Holding grouped multiple appeals offers significant time efficiencies. However, depending on the number of appellants and any reasonable adjustments required for disabled participants, some remote platforms will not offer sufficient capacity to proceed in this way. If there are to be consecutive presentations by the Presenting Officer, the AAP must ensure that the Presenting Officer does not produce new evidence in later appeals that was not presented in earlier appeals, as this would deny earlier appellants the opportunity to consider and respond to the new evidence.
When the 'coronavirus exception' applies, Schedule 2 of the 2020 Regulations provides for new timescales to apply.
The time limits are detailed, and are not reproduced in full in this article. Essentially, all the 2020 Regulations do is replace the original time limits with the same time limits, but stated in calendar days instead of school days (eg 20 school days becomes 28 calendar days). Crucially, however, this now means that school holiday periods which were not previously counted will now count.
Admission authorities and local authorities should review the time limits carefully.
Admission authorities and local authorities must continue to consider whether the 'coronavirus exception' applies in respect of admission appeals. At a time of national lockdown, this is a straightforward decision to record, but this may become a more detailed consideration as lockdowns are gradually lifted/a tier system is reintroduced.
Admission authorities and local authorities will need to consider the most appropriate format for each admission appeal hearing in accordance with the rules and the considerations set out above.

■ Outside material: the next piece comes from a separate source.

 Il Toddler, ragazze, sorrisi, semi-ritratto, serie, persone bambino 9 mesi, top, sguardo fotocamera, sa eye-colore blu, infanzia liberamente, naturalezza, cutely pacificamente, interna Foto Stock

We recommend that the reasons for decisions are carefully recorded, with a statement confirming why the 'coronavirus exception' is deemed to apply, as this may be needed in the event of subsequent challenge or complaint.
Consideration must also be given to training requirements. The mandatory training requirements for clerks and panel members in accordance with Paragraph 1.10 of the Appeals Code remain in place. This training must cover the law relating to admissions; relevant aspects of the Human Rights Act 1998 and the Equality Act 2010, procedural fairness and natural justice, and the roles for particular panel members (for example, chairing skills). The Clerk is responsible for ensuring that all panel members have received any necessary training to enable them to fulfil their role.

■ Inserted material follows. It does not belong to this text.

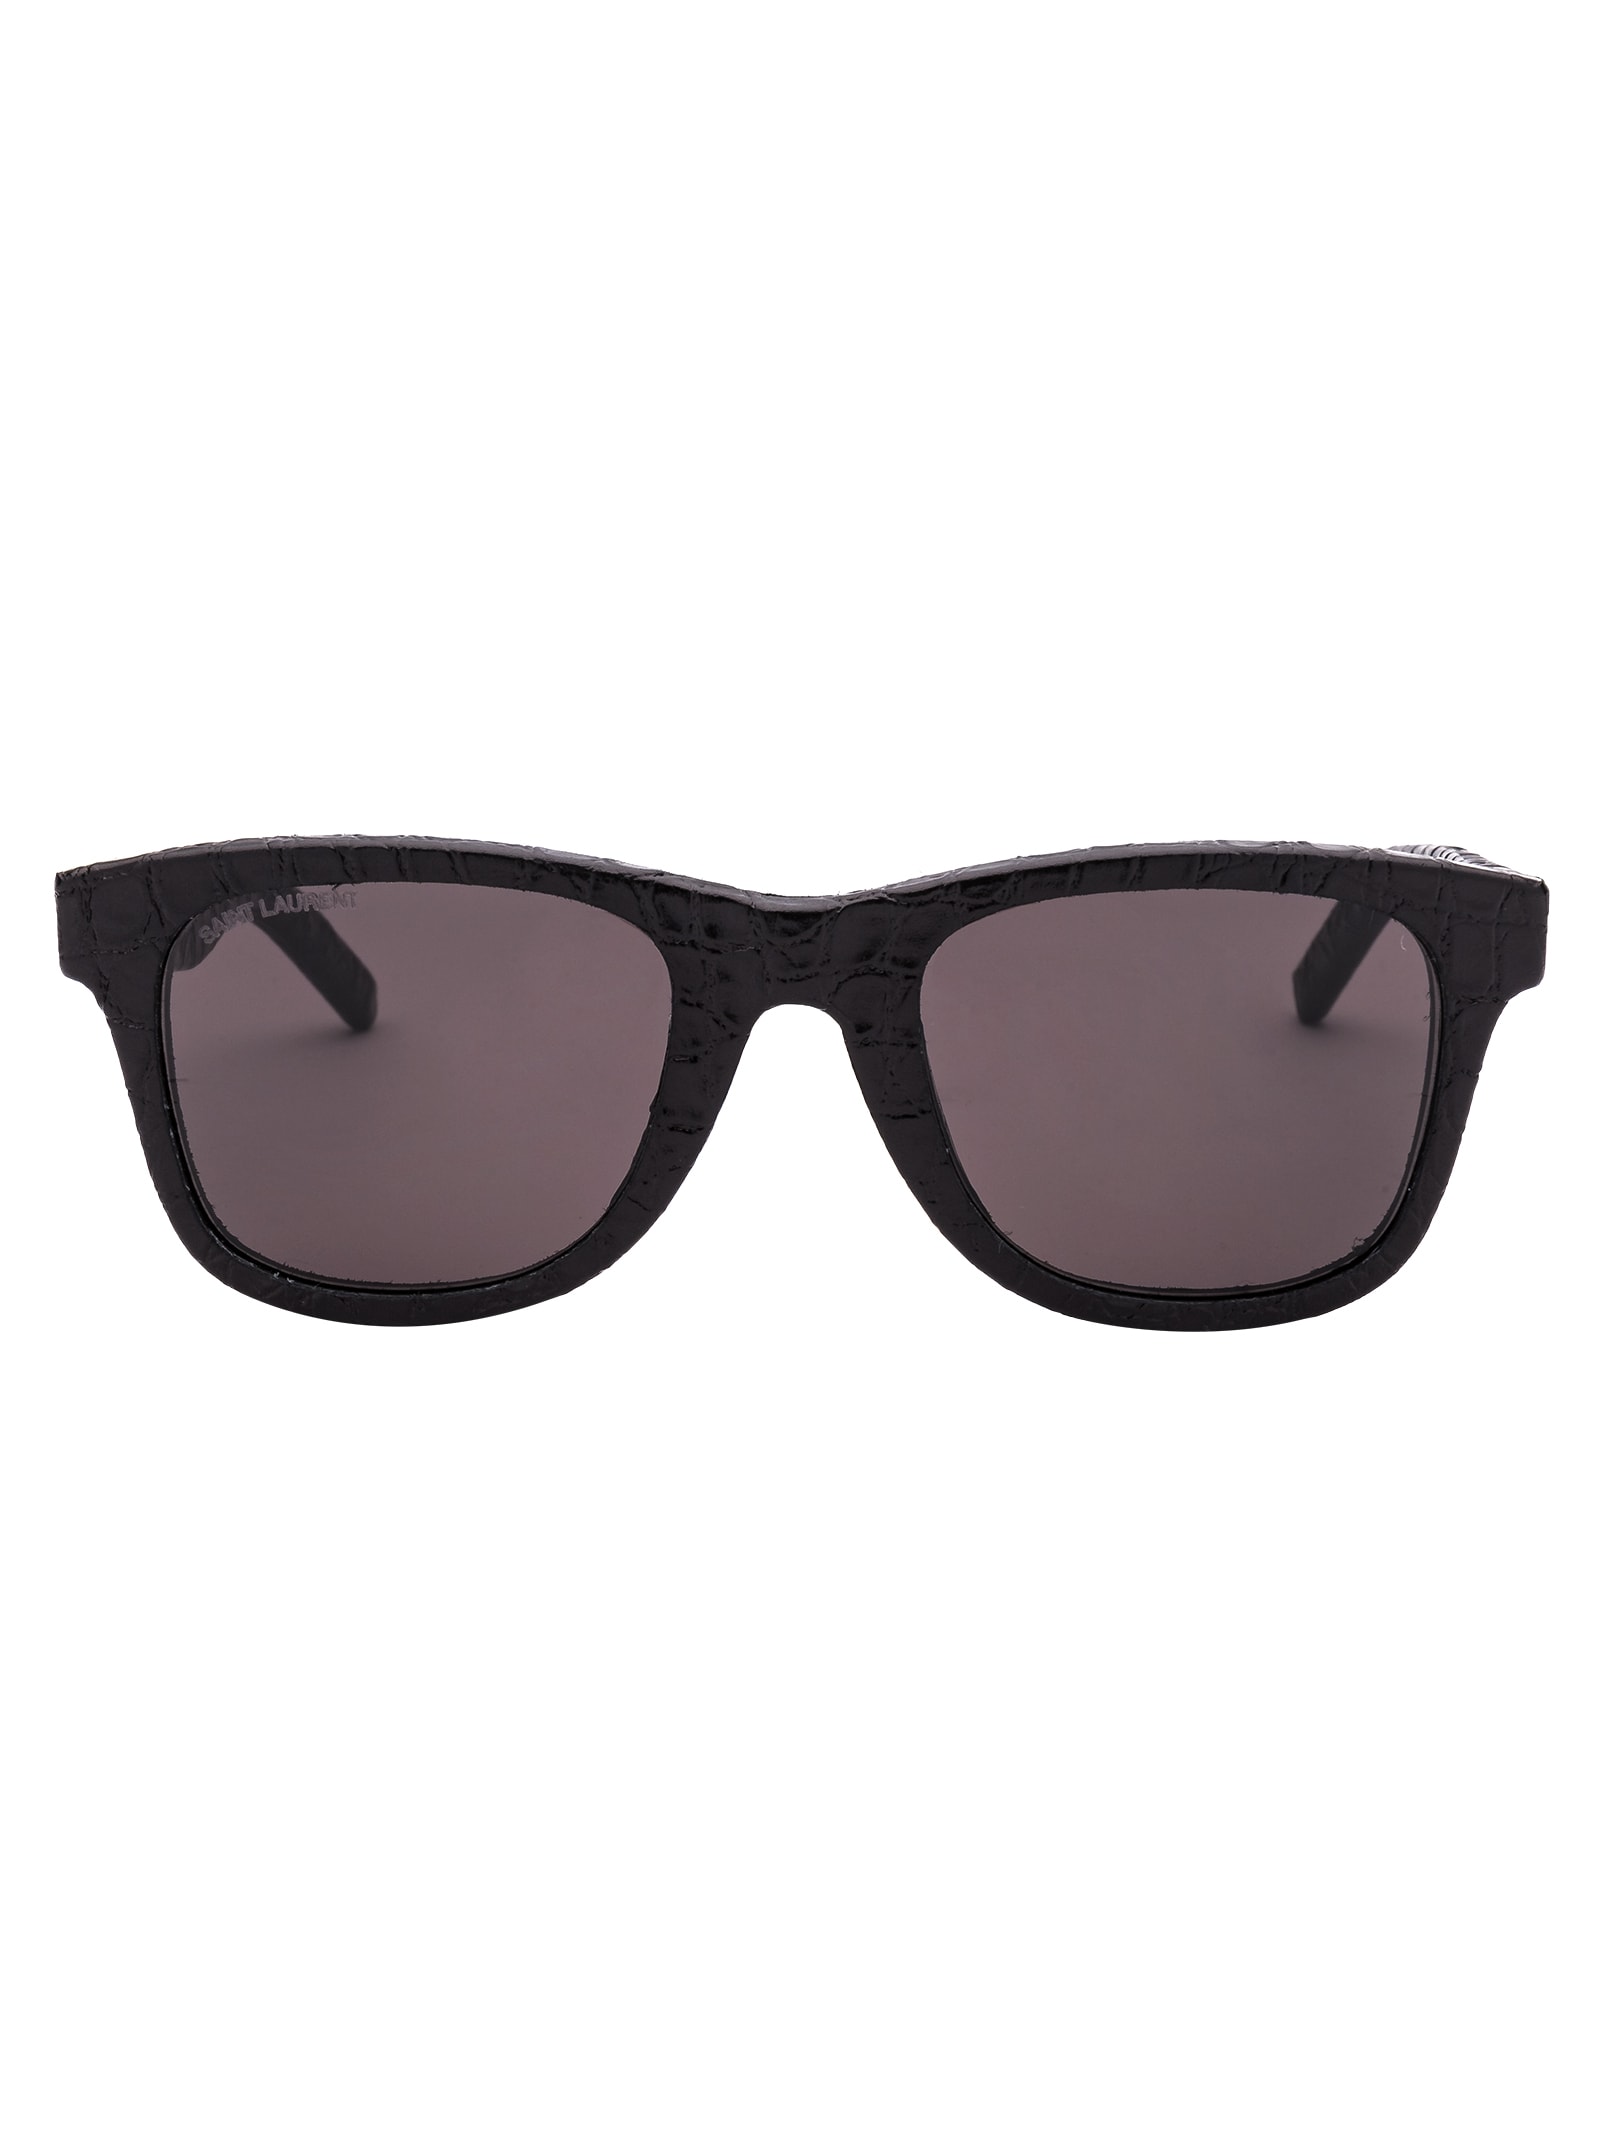 Saint Laurent Eyewear Sl 51 Sunglasses

Over the past year, many of us have become conversant with the use of different platforms for holding virtual meetings and hearings. As part of the review of the requirement for panel members' mandatory training, we also suggest that admissions authorities and local authorities consider whether their panel members should also undergo training on conducting appeals by remote access, as well as on the basis of written information. Again, records of training should be maintained for use in the event of subsequent legal or other action by an unsuccessful appellant.
Do remember, the requirement remains for admission authorities to ensure that all aspects of the admission appeals hearings are legally compliant, even in circumstances where they choose to outsource these to local authorities or commercial providers.